FIG. 2 is a view taken in the direction of arrows II-II in FIG.

[Explanation of symbols]

 DESCRIPTION OF SYMBOLS 1 Insulated roof 3 Refrigerated warehouse 5 Upper-layer membrane roof 7 Lower-layer membrane roof 9 Wire cable 11 Air chamber 13 Compressor 15 Intake duct 17 Refrigerator 19 Blower 21 Push-in fan 23 Second air chamber 25 Coating

Claims (4)

(57) [Claims] 1. A membrane roof having an air chamber capable of enclosing and sealing air is formed in a multi-layer structure, and an air pressure sufficient to introduce tension into the membrane roof is applied to an air chamber of an upper membrane roof. An adiabatic air film structure characterized by cooling and hot air circulating at the lower temperature of the film roof in accordance with the set indoor temperature. 2. The membrane roof on the uppermost layer of the membrane roof is pressed down from above with a wire cable, a cable is passed through the air chamber of the membrane roof, and the membrane material of the membrane roof is intermittently passed through the cable.
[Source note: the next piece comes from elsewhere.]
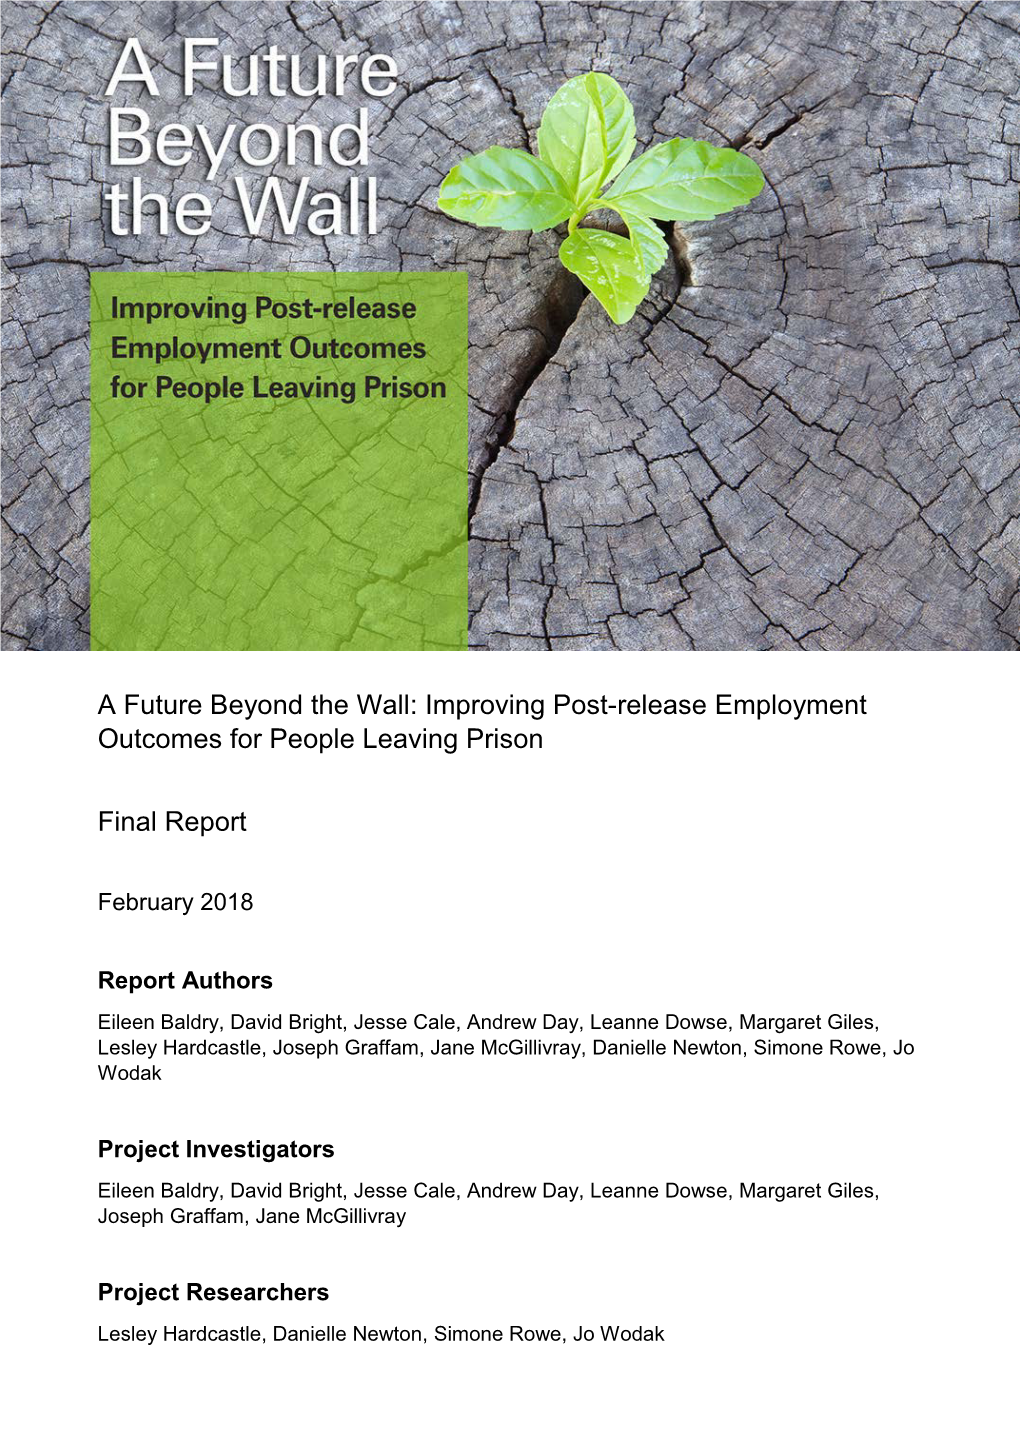 A Future Beyond the Wall: Improving Post-Release Employment Outcomes for People Leaving Prison Final Report
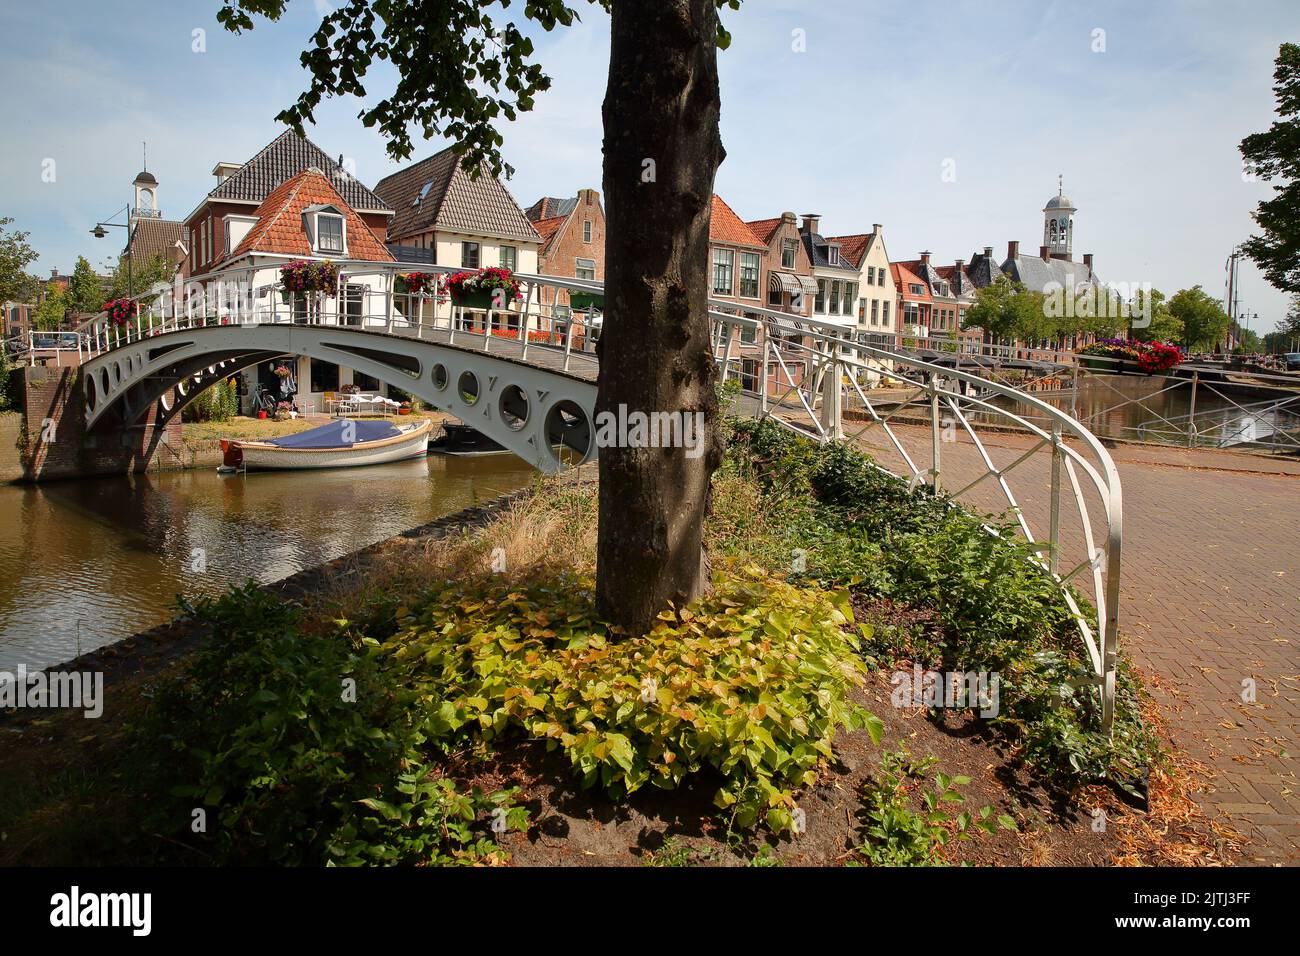 The little canal (klein Diep) and Turfmarkt footbridge in Dokkum, Friesland, Netherlands, with the Oud Stadhuis (Old town hall, built in 1610) Stock Photo

The heat insulating air film structure according to claim 1, wherein the structure is fixed. 3. An air film beam composed of a second air chamber having a vertically long longitudinal section is formed on the left and right side surfaces of an air chamber of a lowermost membrane roof of the membrane roof. The insulated air film structure according to claim 1 or 2, wherein compressed air is enclosed to hold an air chamber space of the film roof in the lowermost layer. 4. The insulated air film structure according to claim 1, wherein the multilayer film roof serves as an outer wall of the building with an arch.